[Spambayes] RE: Yahoo's "domain keys" and spam

Ryan Malayter rmalayter at bai.org
Fri Dec 12 16:12:51 EST 2003


> From: Robert K. Coe

> Where is it written that SpamBayes would "add a token 
> verifying the presence of a domain key entry in the header"? 

It's not, although the current SpamBayes header tokenizer would detect
this header and add the same token no matter what the actual validity of
the signature was. It would look something like "X-Yahoo-Domain-Sig:
skip:20".

> Doing so would seem to be self-defeating if credible 
> forgeries of domain keys become widespread 

*Credible* forgeries will not be widespread, since you need the
organization's private key to generate the domain signature. However,
unless the logic to actually perform the crypto and verify the signature
is added to SpamBayes, all SB will see is a header token with a bunch of
random hex characters. That is, only the *presence* of a domain
signature would be detected, not whether or not it is actually valid.
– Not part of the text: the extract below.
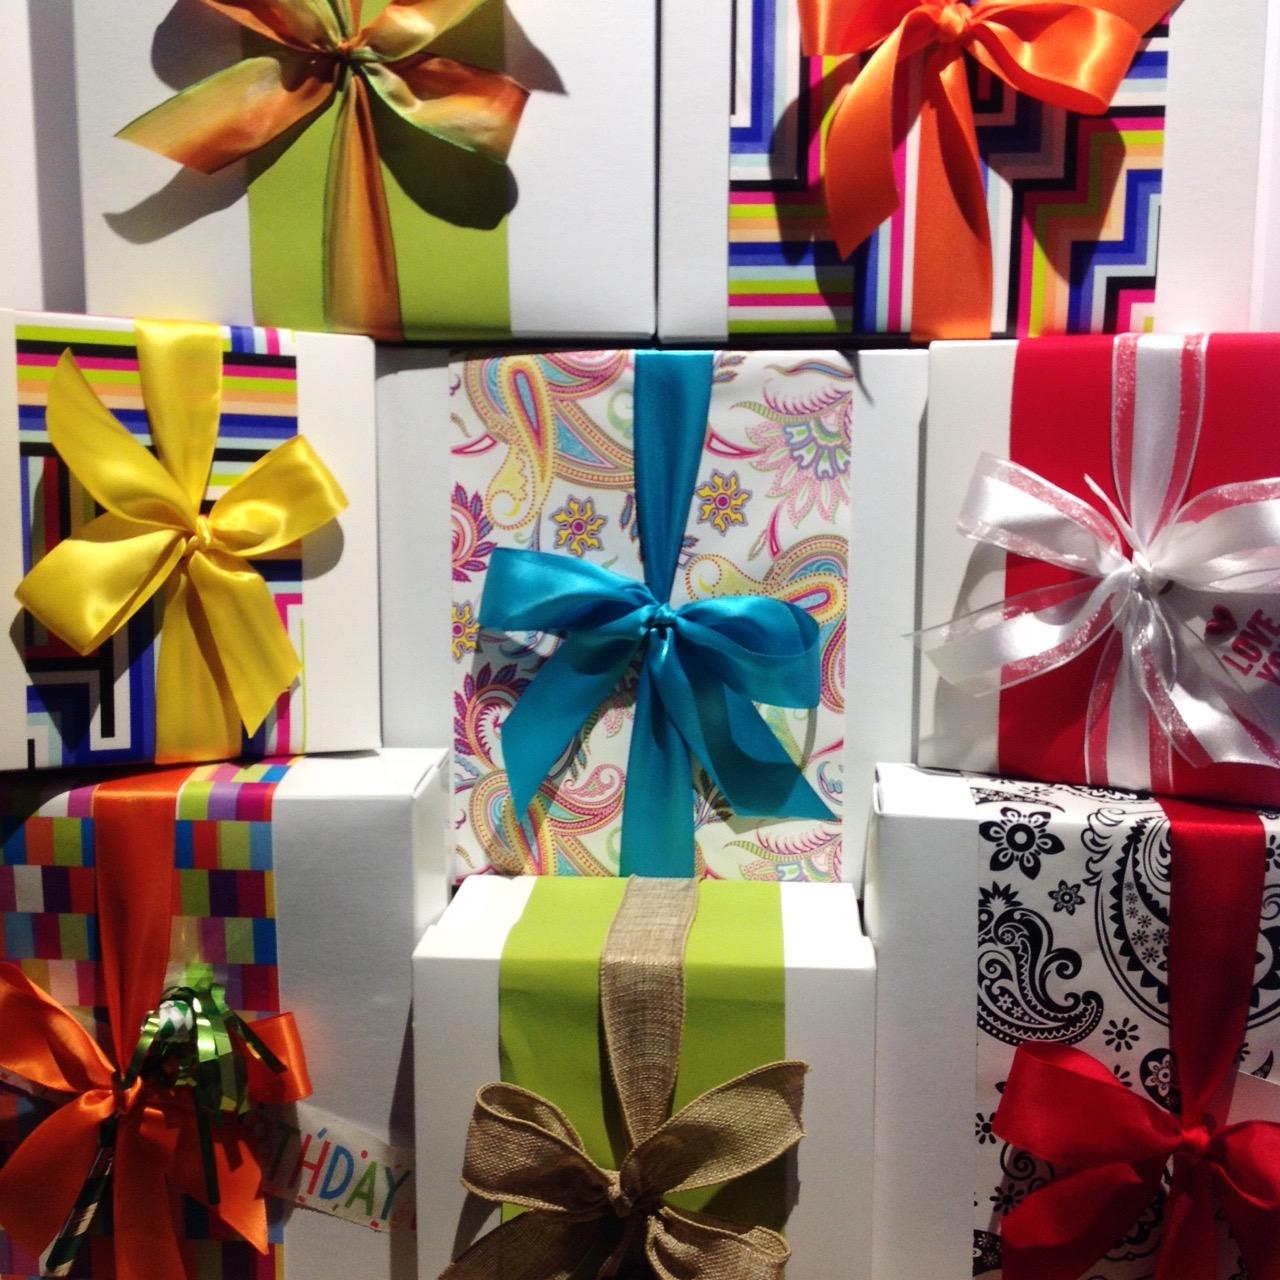 present-los-altos-gift-store-custom-gift-boxes.JPG

> marginally helpful otherwise (since the "I know it when I see 
> it" model of spam detection works very well for humans and 
> fairly well for Bayesian filters without this additional 
> complication).

A validated domain key signature would tell you with certainty whether
or not a mail message that claims to be from a domain is actually from
an SMTP server controlled by the same people who control the domain's
DNS. My intuition tells me this is a very strong bit of evidence that
would be very useful to the classifier. Of course, that will have to be
tested before the feature would be added to the production code.

> For that matter, where is it written that the use of domain 
> keys will become widespread? (But I guess that's a topic for 
> another discussion.)

Yahoo is one of the biggest mail hosts on the Internet, and they're
donating the code to the most popular Open-source SMTP servers in use on
the Internet. It's supposed to be a cheap and simple addition to the DNS
and e-mail infrastructure, and Yahoo is evangelizing it to other major
ISPs as a way to cut down on forged spam message headers. I assume a lot
of smaller ISPs and corporations will get on board as a result, but of
course it may just be ignored. There will also be a significant ramp-up
time.

I'm merely suggesting that the SB project get out in front of the issue.
I will try adapt the necessary crypto code into Python myself as soon as
it is available in other open-source projects. (I'm guessing the code
will be in C, and go to the Qmail, sendmail, etc. projects).